Yes, the way to get the data back into the interactive session is through collect()
:
Once you have a partitioned data frame, you can operate on it with the usual dplyr verbs. To bring the data back to the interactive process, use collect()
I'm not totally sure what you mean by this.
From looking at the source code for party_df()

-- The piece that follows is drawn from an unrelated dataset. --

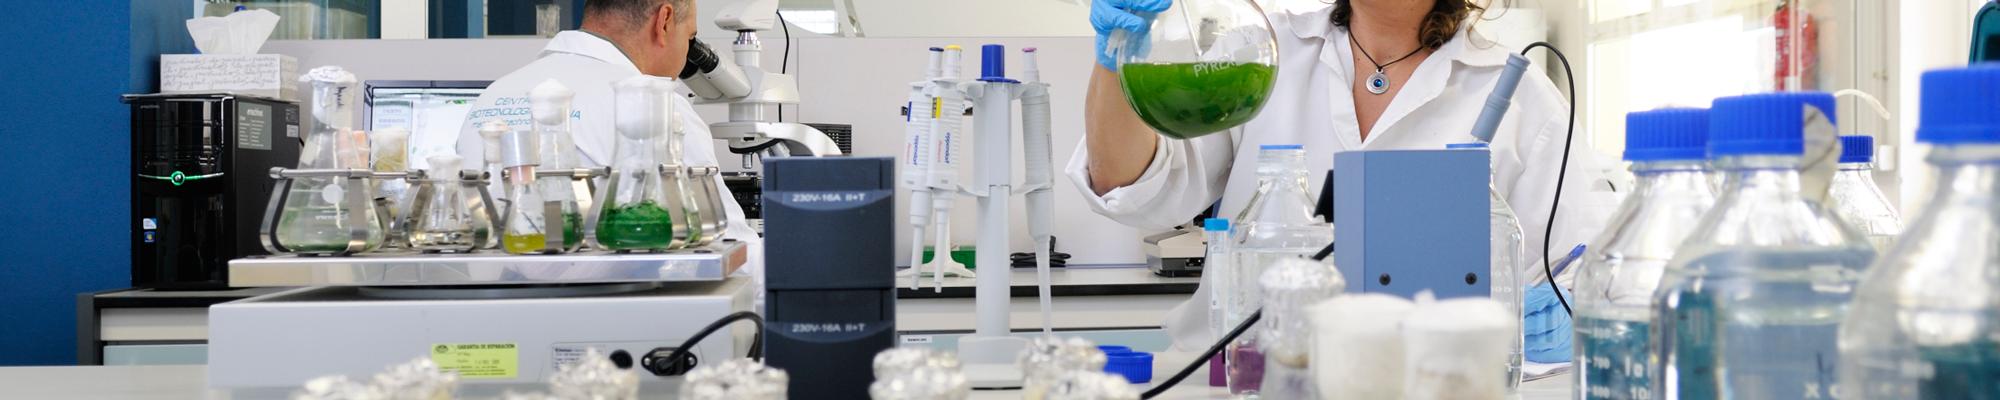 Laboratorio del Banco Español de Algas (BEA) - MicroBioSpain
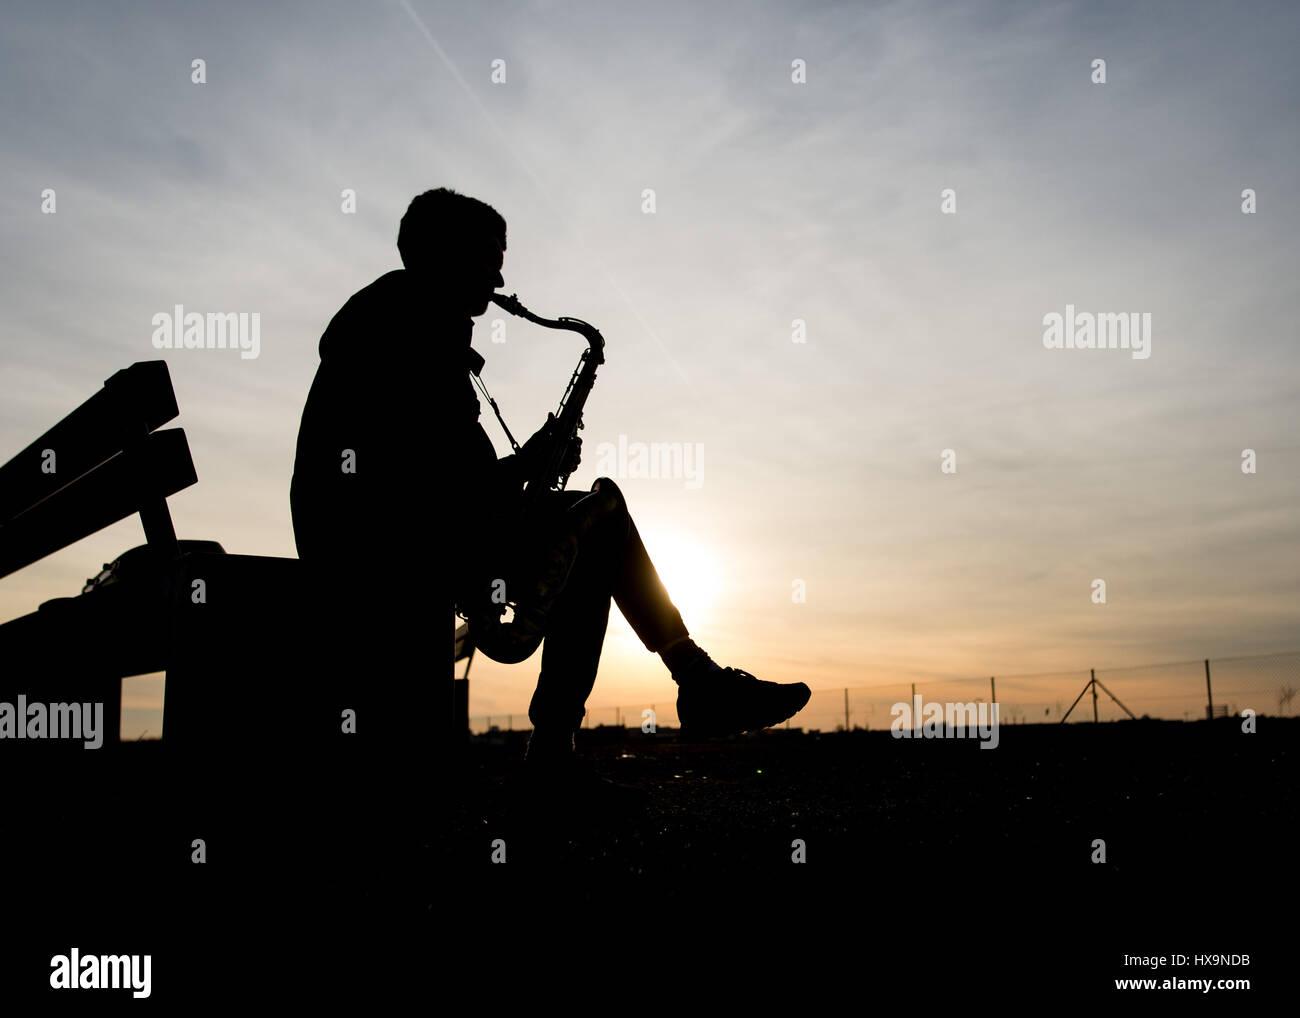 Berlin, Germany. 25th Mar, 2017. A man plays saxophone at sunset at Tempelhofer Feld (lit. Tempelhof Field) in Berlin, - Stock Image

, I'm not sure if you can access results of a party_df
by shard.
The order is preserved when you collect, so I guess you could literally subset the data by rows once collected:
library(multidplyr)
library(dplyr, warn.conflicts = FALSE)
library(nycflights13)
cluster <- new_cluster(2)
cluster
#> 2 session cluster [..]
flights1 <- flights %>% group_by(dest) %>% partition(cluster)
result <- flights1
result$cluster
#> 2 session cluster [..]
str(result)
#> List of 3
#> $ cluster :List of 2
#> ..$ :Classes 'r_session', 'process', 'R6' PROCESS 'R', running, pid 10764.
#>
#> ..$ :Classes 'r_session', 'process', 'R6' PROCESS 'R', running, pid 10768.
#>
#> ..- attr(*, "cleaner")=Classes 'Cleaner', 'R6' <Cleaner>
#> Public:
#> add: function (x)
#> clone: function (deep = FALSE)
#> names:
#> reset: function (x)
#> ..- attr(*, "class")= chr "multidplyr_cluster"
#> $ name : symbol _DF1
#> $ .auto_clean:<environment: 0x7f9f5f2827d0>
#> - attr(*, "class")= chr "multidplyr_party_df"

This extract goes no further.